Tom Hardy to Be the Next Wolverine
Tom Hardy to Be the Next Wolverine

Hugh Jackman's fifteen year run as Wolverine is coming to an end, and if it were up to him, he'd pass the claws to one of Hollywood's hottest leading men.

"I haven't really given it a lot of thought," Jackman tells MTV of his replacement. "I've been asked that question a lot, and I'm always like, 'I don’t wanna make it too easy on the studio to replace me,' you know? I've still got one more to do.

I'm sure they're already talking about it, and there's some actor [they've told] 'shh, keep it quiet but we want you next.'"

While Jackman is keeping the studios next choice on the down low, he didn't mind sharing his personal pick to don the adamantium.

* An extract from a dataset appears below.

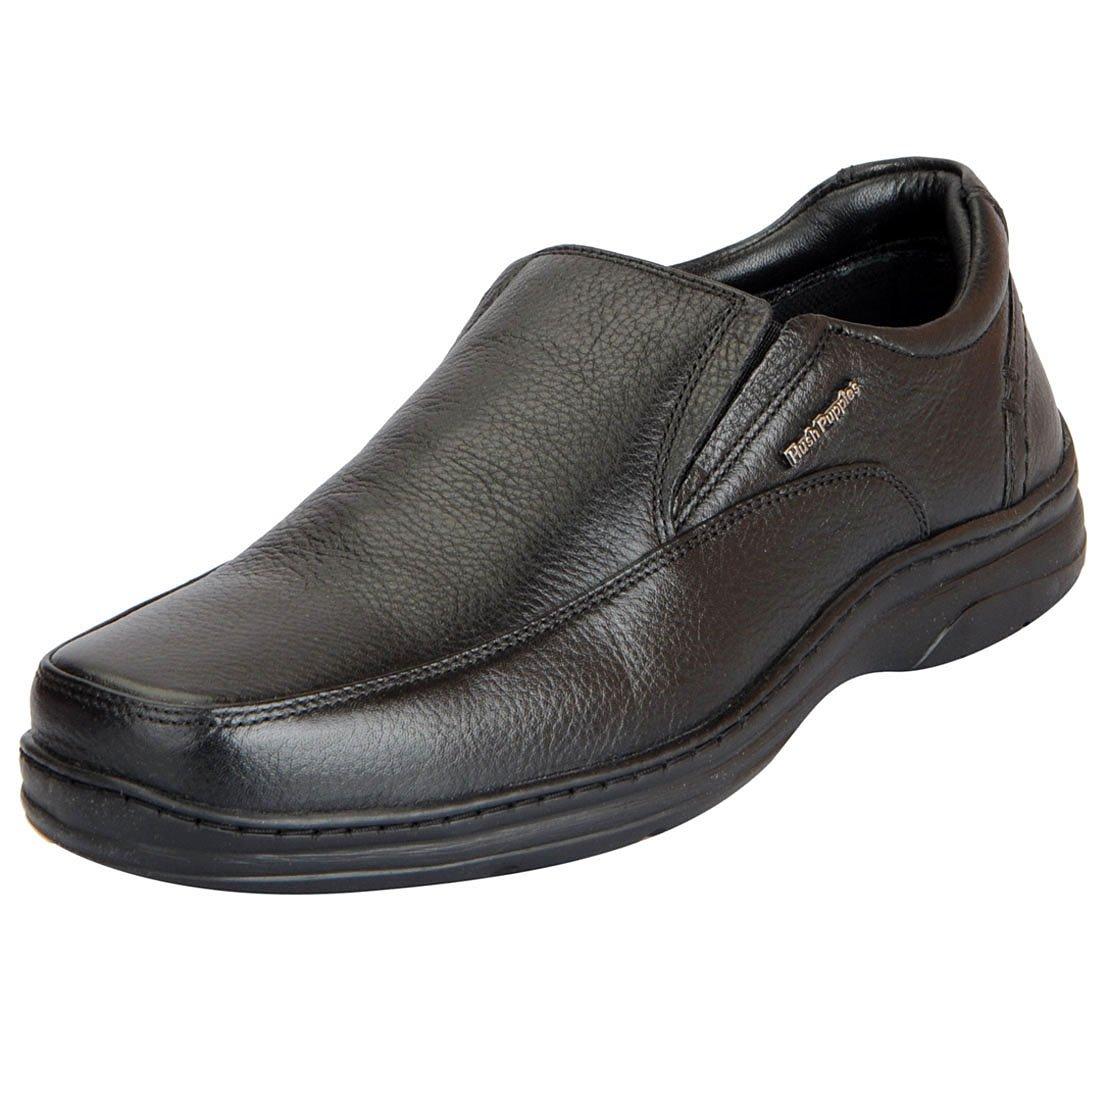 hush puppies shoes online sale

"He’s younger than me for sure," Jackman says. "I think Tom Hardy would be a great Wolverine."

Hardy's proven his action acting chops in everything from Mad Max: Fury Road to The Dark Knight Rises, and is currently scheduled for another stint in the comic book universe in the upcoming Hundred Bullets adaptation.

Jackman will reprise the role for the last time as a stand alone feature in The Wolverine, and there's a possibility he could make a cameo in X-Men: Apocalypse, Deadpool or Gambit.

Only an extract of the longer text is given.